**WHAT YOU ARE ASKED TO DO**
Write the data out again exactly, with no pictures.

**SUPPLIED INFORMATION**
──────────────────────────────
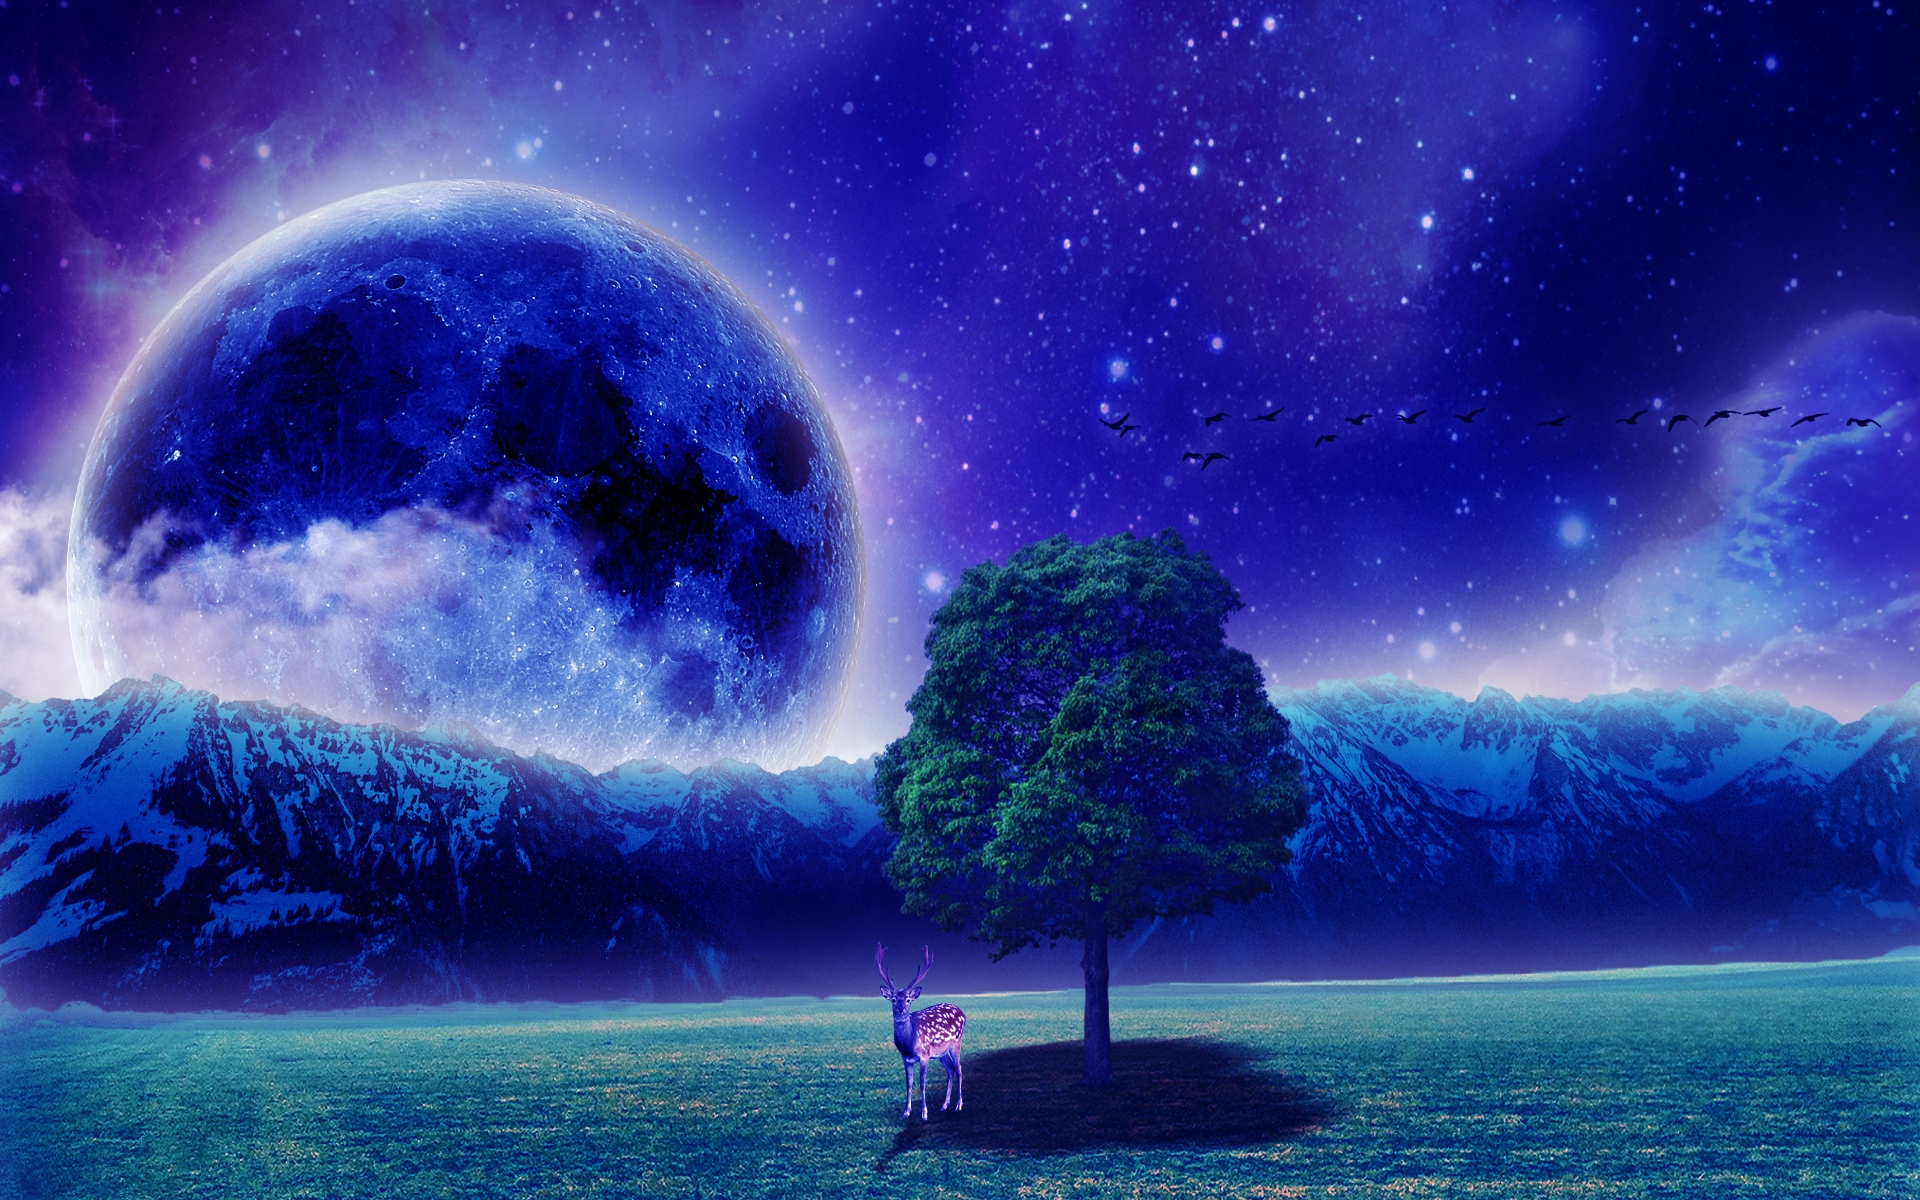 Free download wallpaper Fantasy, Sky, Moon, Mountain, Tree, Field, Deer, Artistic on your PC desktop
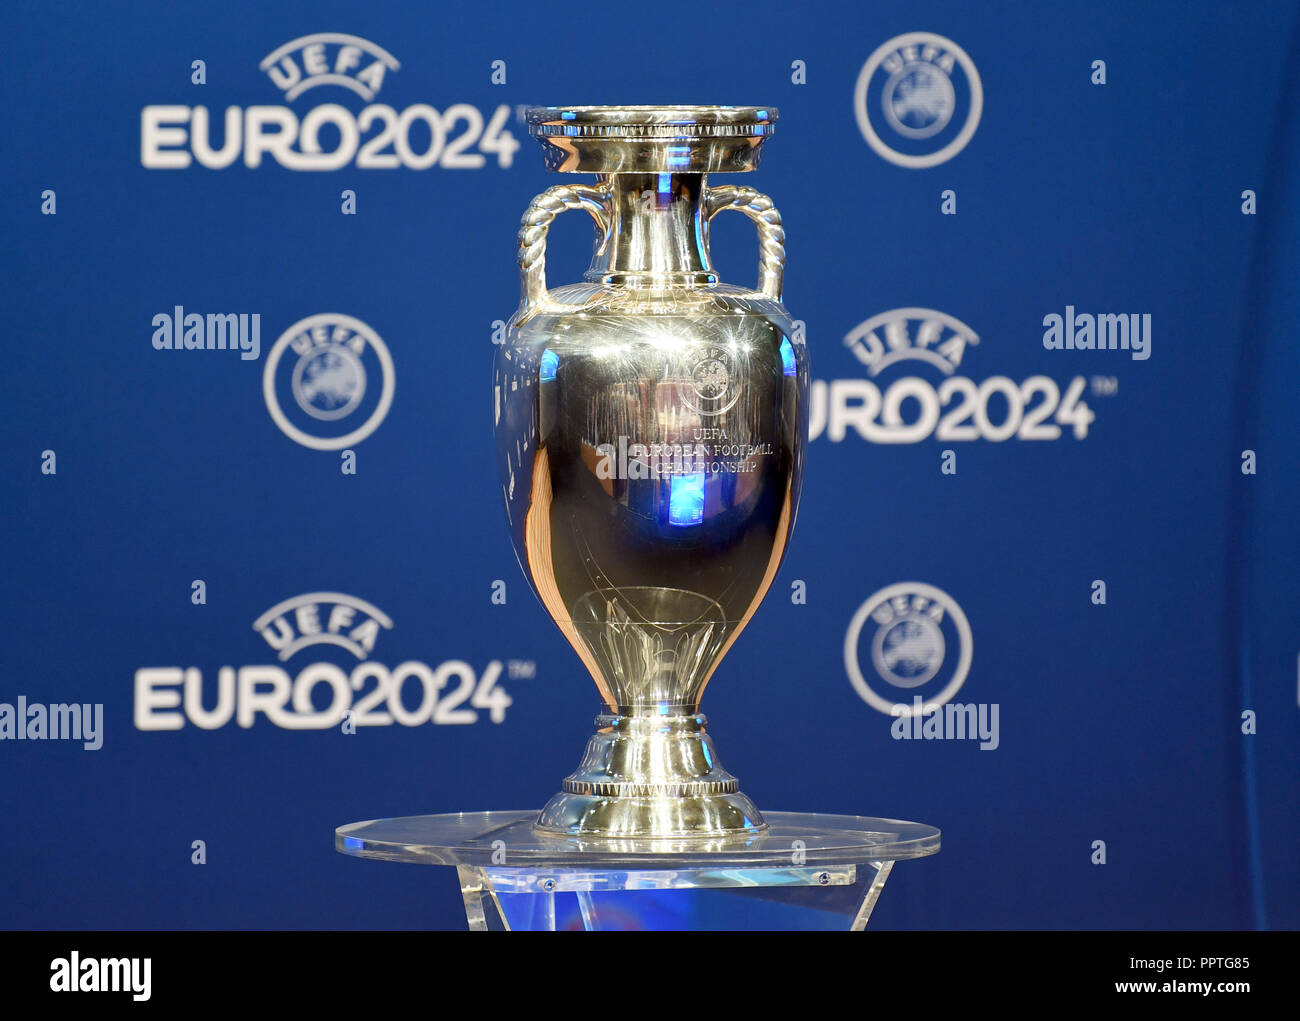 septiembre de 2018, Suiza, Nyon: Fútbol Anuncio del anfitrión del Campeonato de Europa 2024: La Copa de Europa en un pedestal durante la ceremonia de anuncio la Eurocopa 2024.
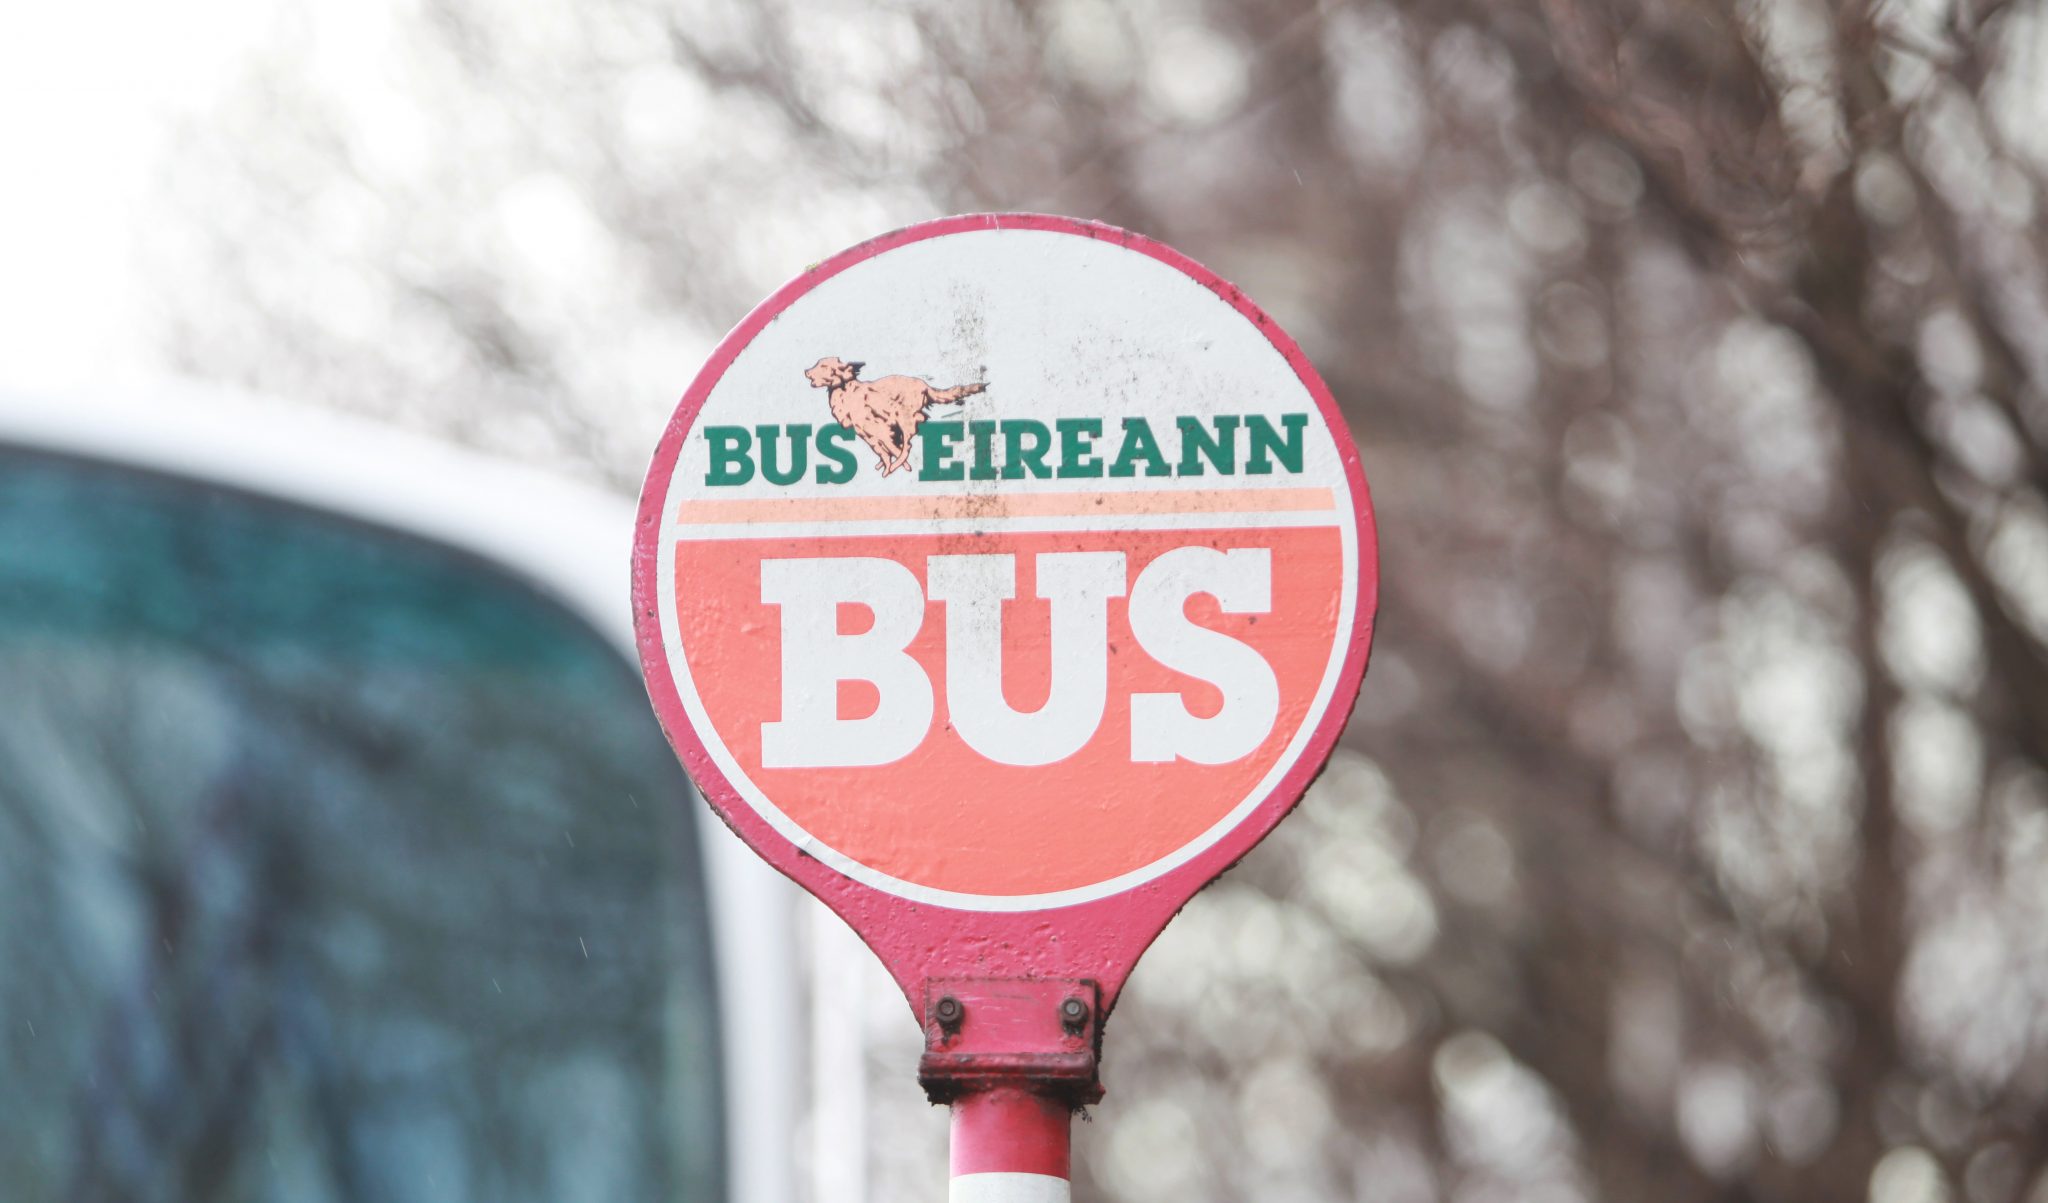 Bus Éireann bus stop
──────────────────────────────
**EXERCISE OUTPUT**
 Free download wallpaper Fantasy, Sky, Moon, Mountain, Tree, Field, Deer, Artistic on your PC desktop
 septiembre de 2018, Suiza, Nyon: Fútbol Anuncio del anfitrión del Campeonato de Europa 2024: La Copa de Europa en un pedestal durante la ceremonia de anuncio la Eurocopa 2024.
 Bus Éireann bus stop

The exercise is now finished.